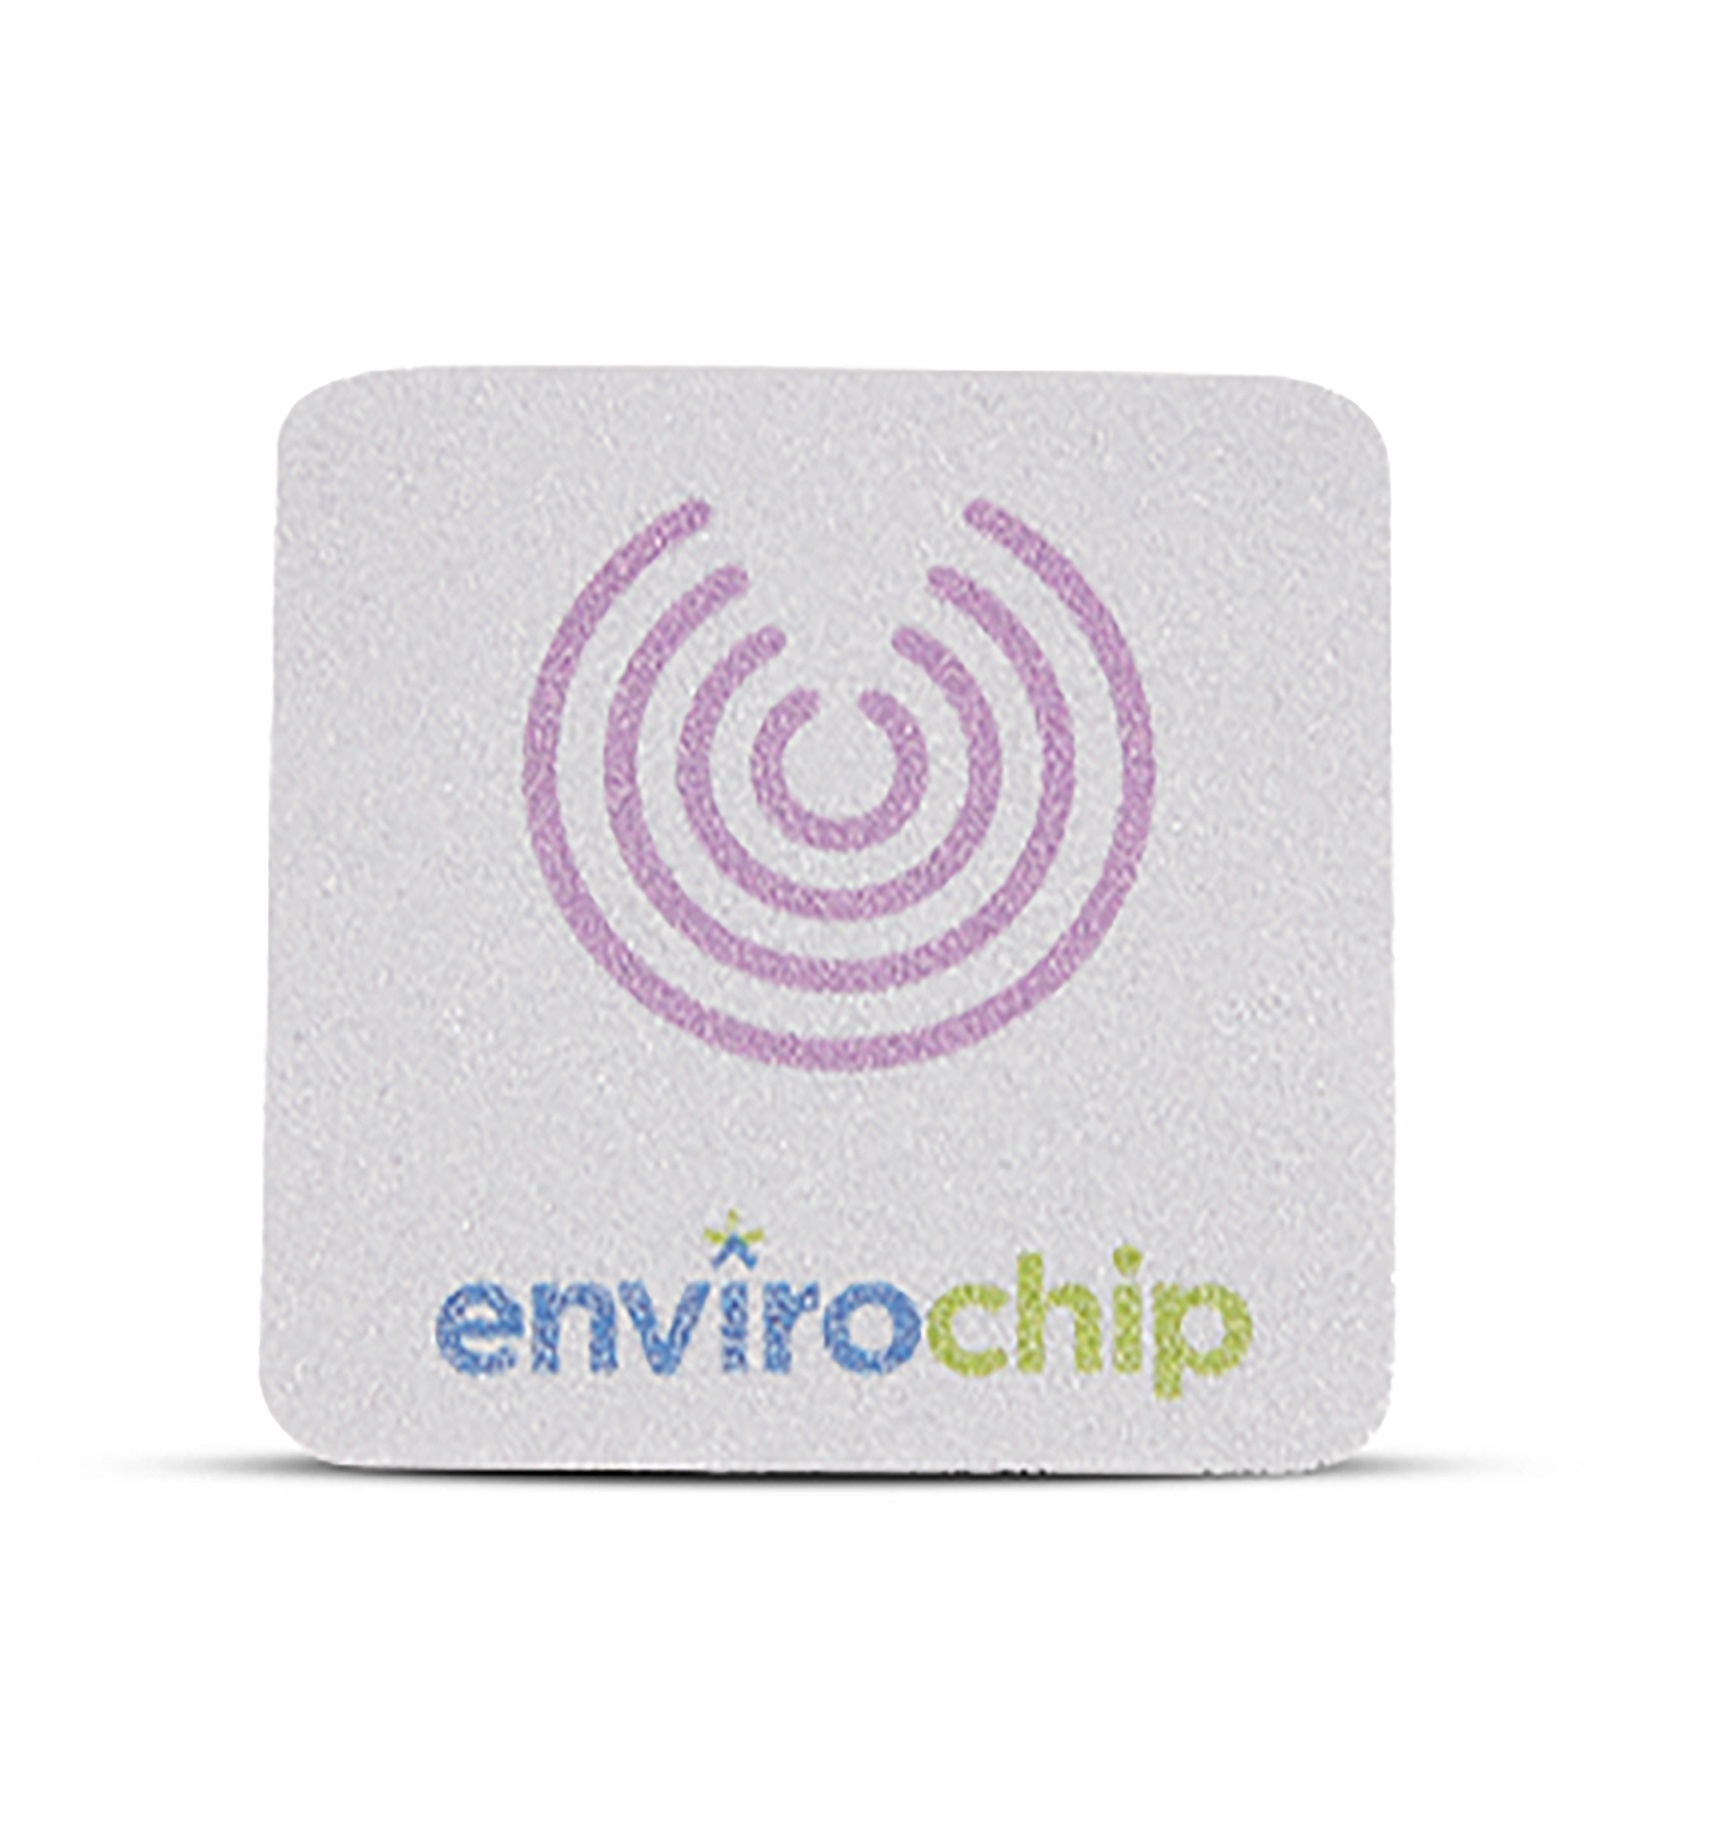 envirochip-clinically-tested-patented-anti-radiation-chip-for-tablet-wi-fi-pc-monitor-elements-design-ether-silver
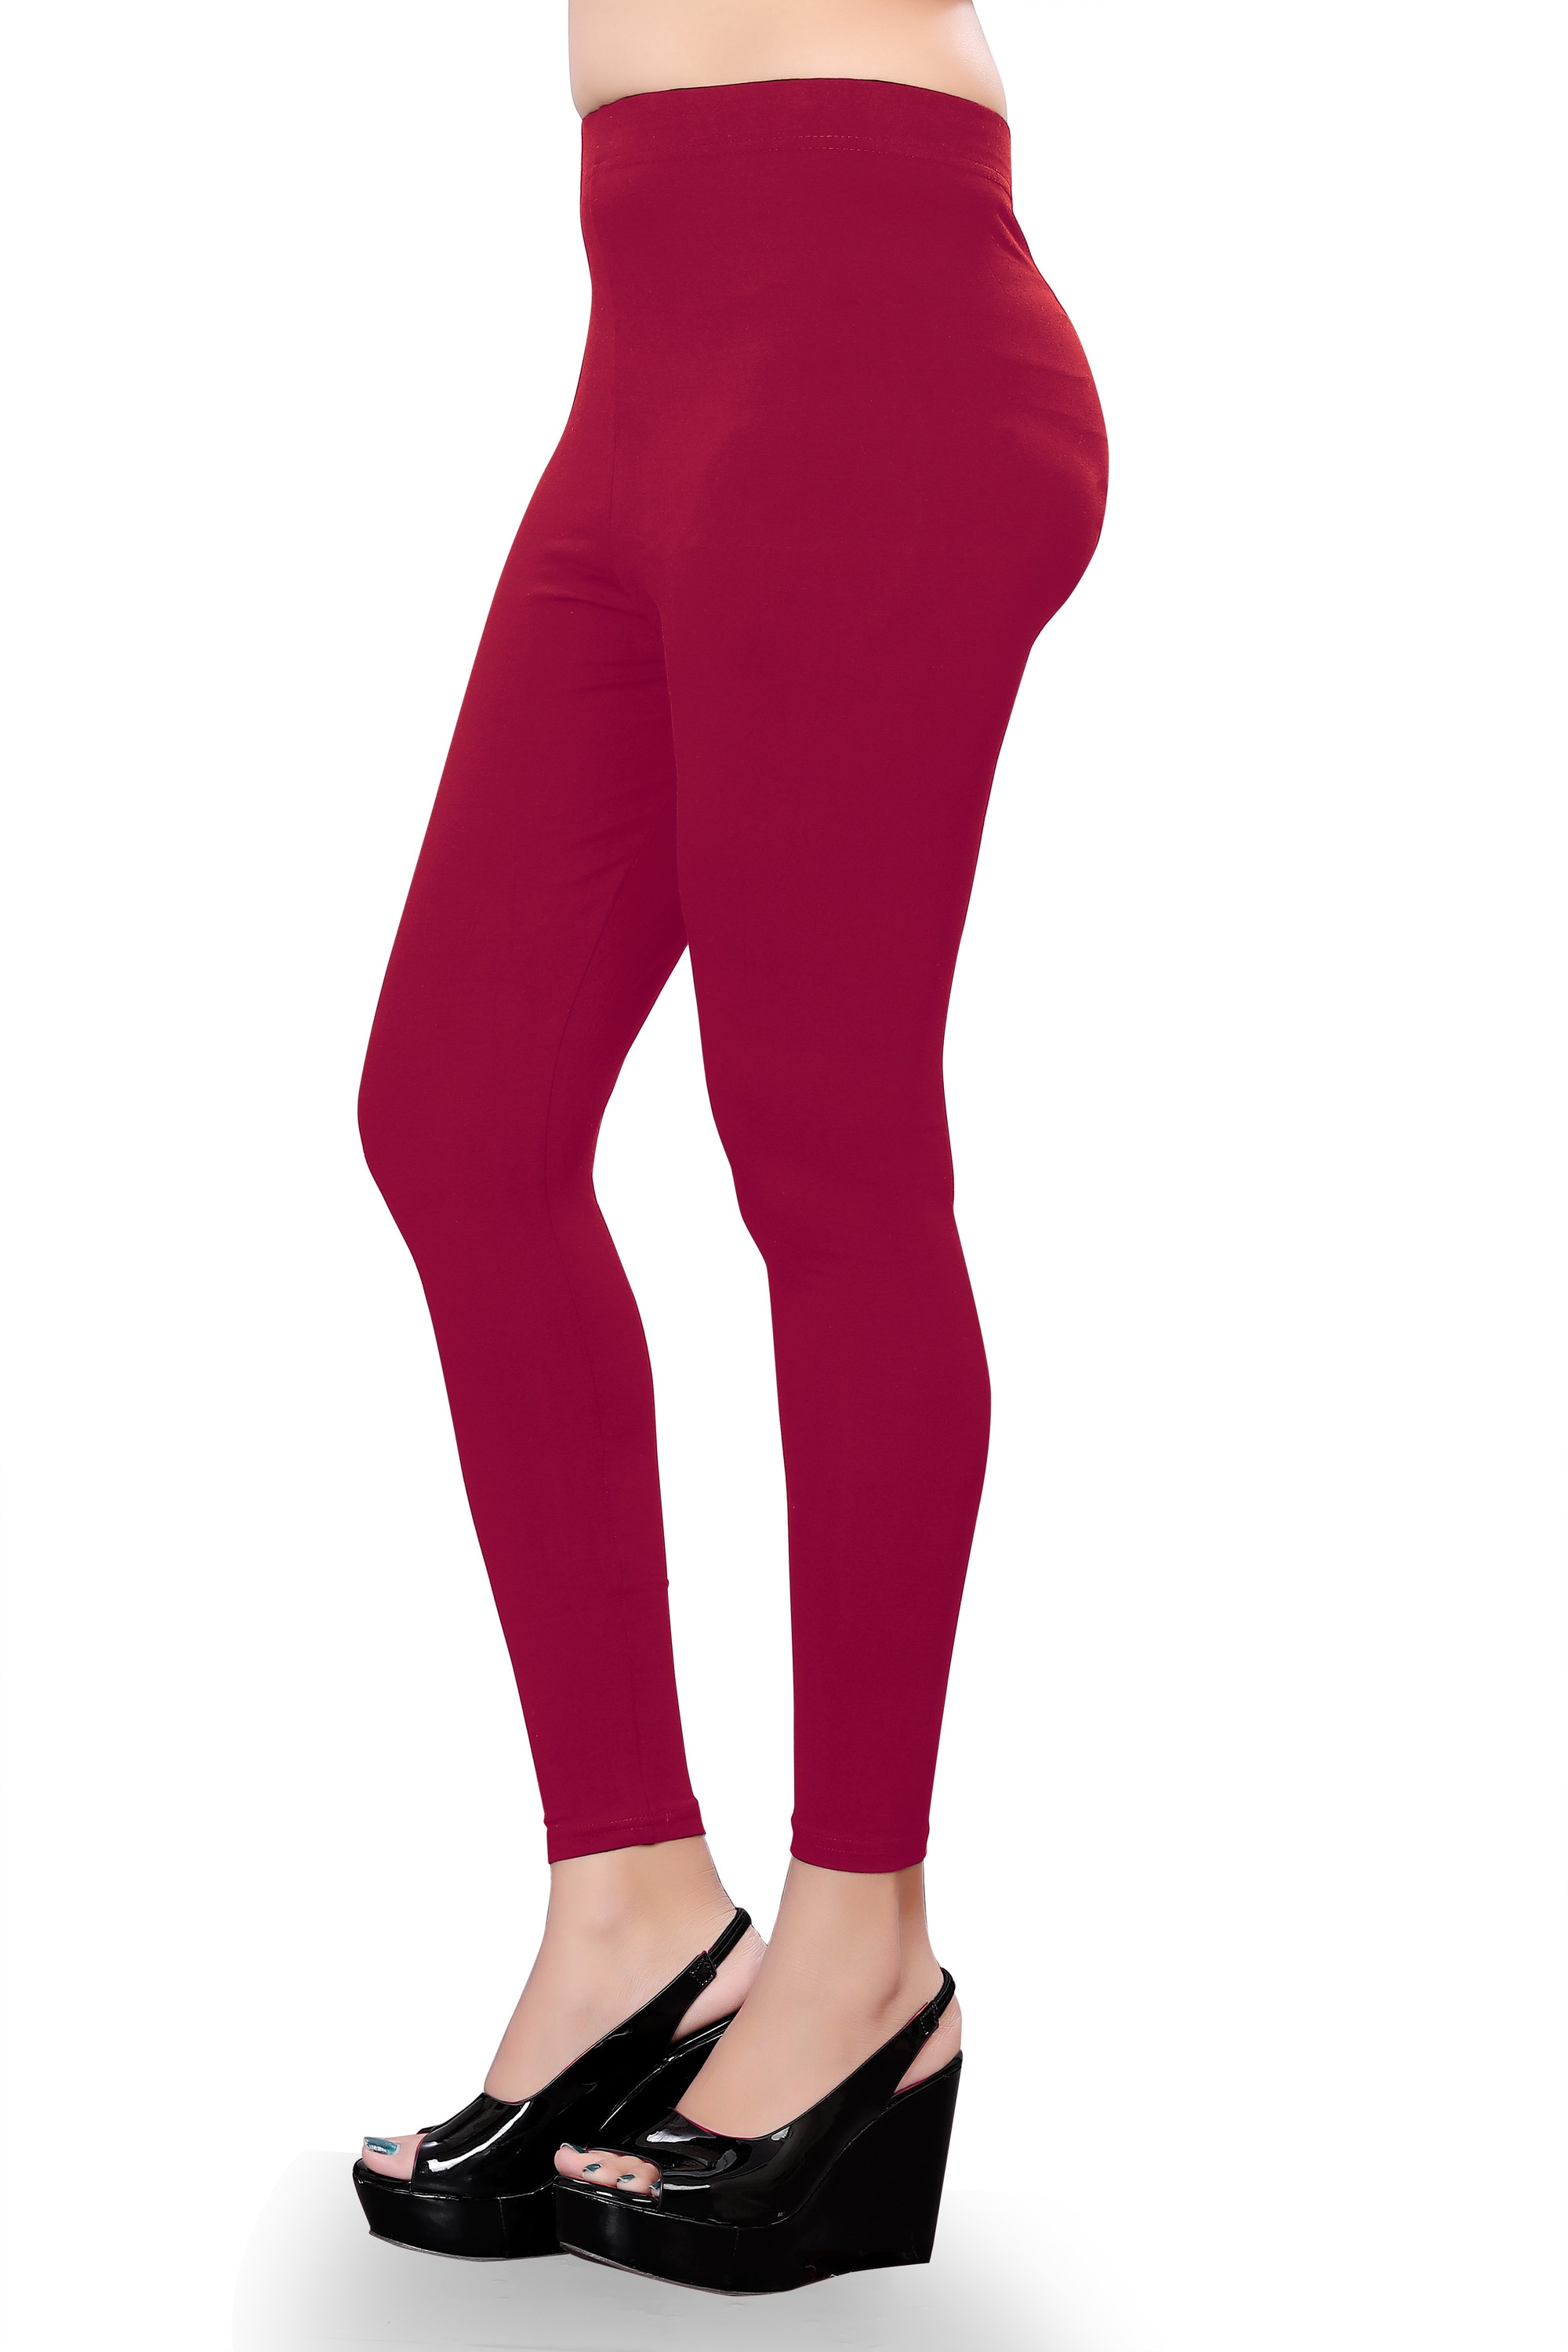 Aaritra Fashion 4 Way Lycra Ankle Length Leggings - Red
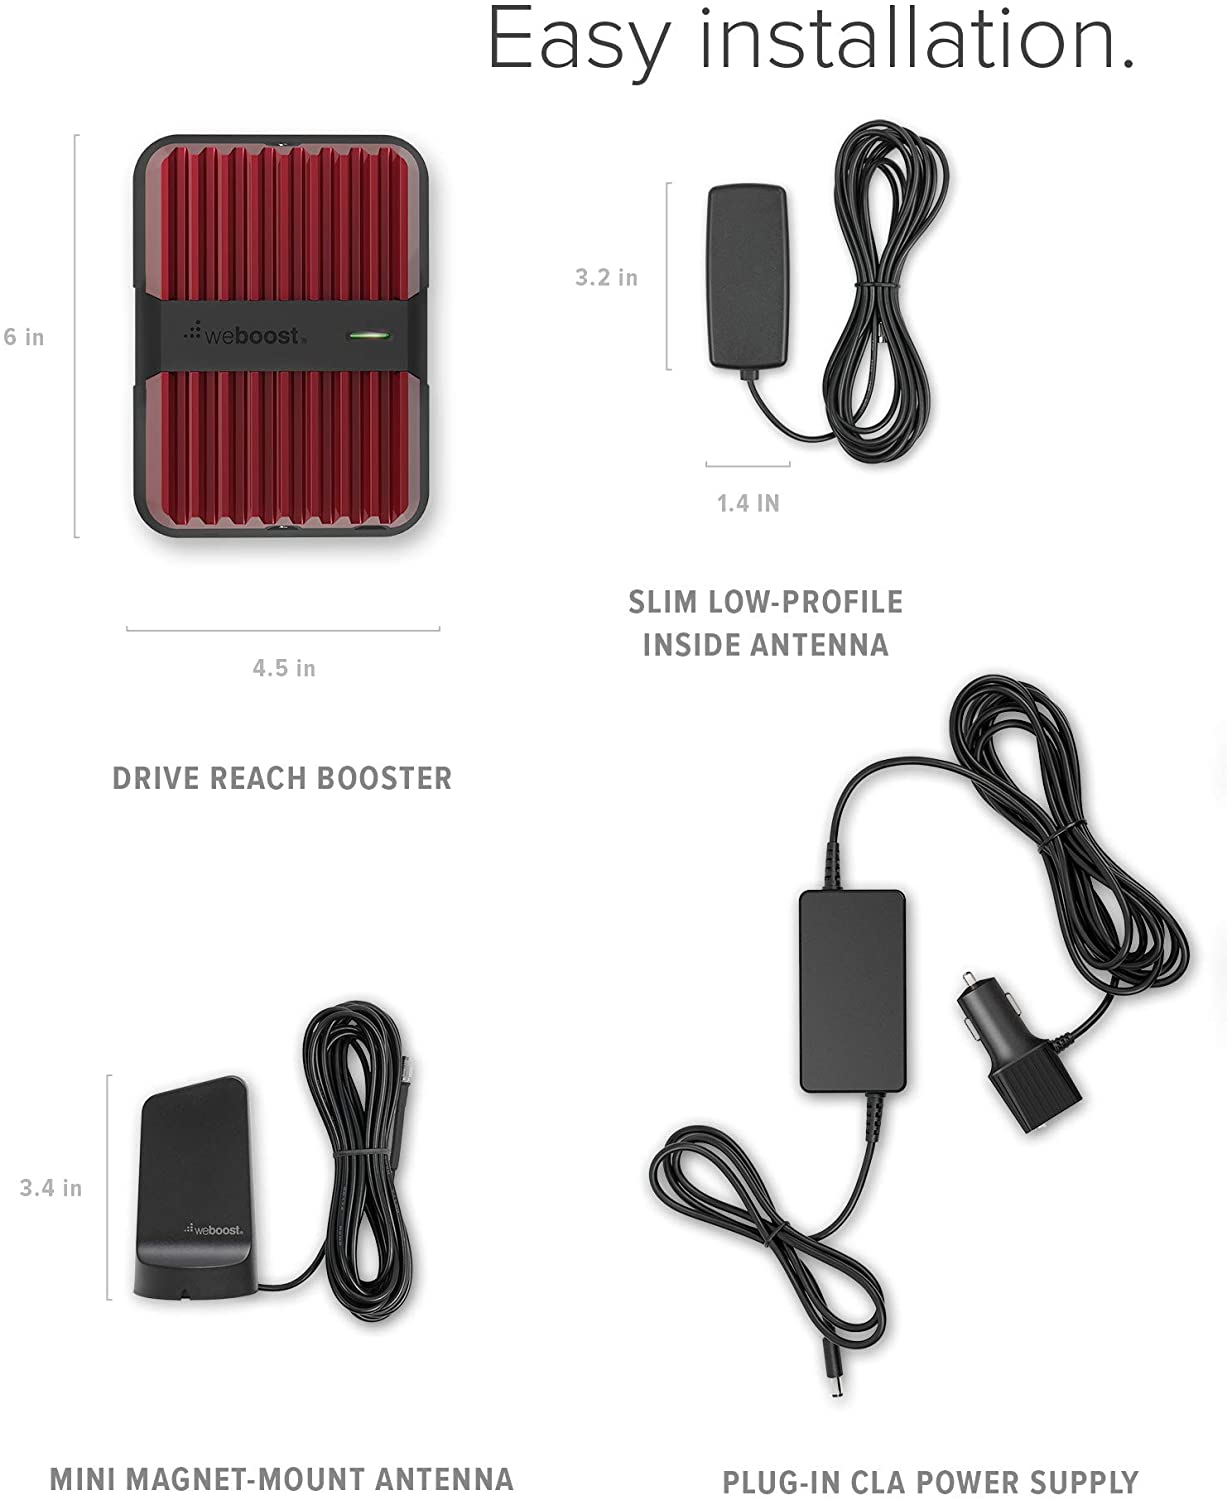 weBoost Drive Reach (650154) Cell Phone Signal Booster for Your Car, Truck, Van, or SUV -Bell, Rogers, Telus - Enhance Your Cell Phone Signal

Your assignment
Transcribe the material exactly, keeping every word and none of the pictures.

Response to this exercise
 envirochip-clinically-tested-patented-anti-radiation-chip-for-tablet-wi-fi-pc-monitor-elements-design-ether-silver
 Aaritra Fashion 4 Way Lycra Ankle Length Leggings - Red
 weBoost Drive Reach (650154) Cell Phone Signal Booster for Your Car, Truck, Van, or SUV -Bell, Rogers, Telus - Enhance Your Cell Phone Signal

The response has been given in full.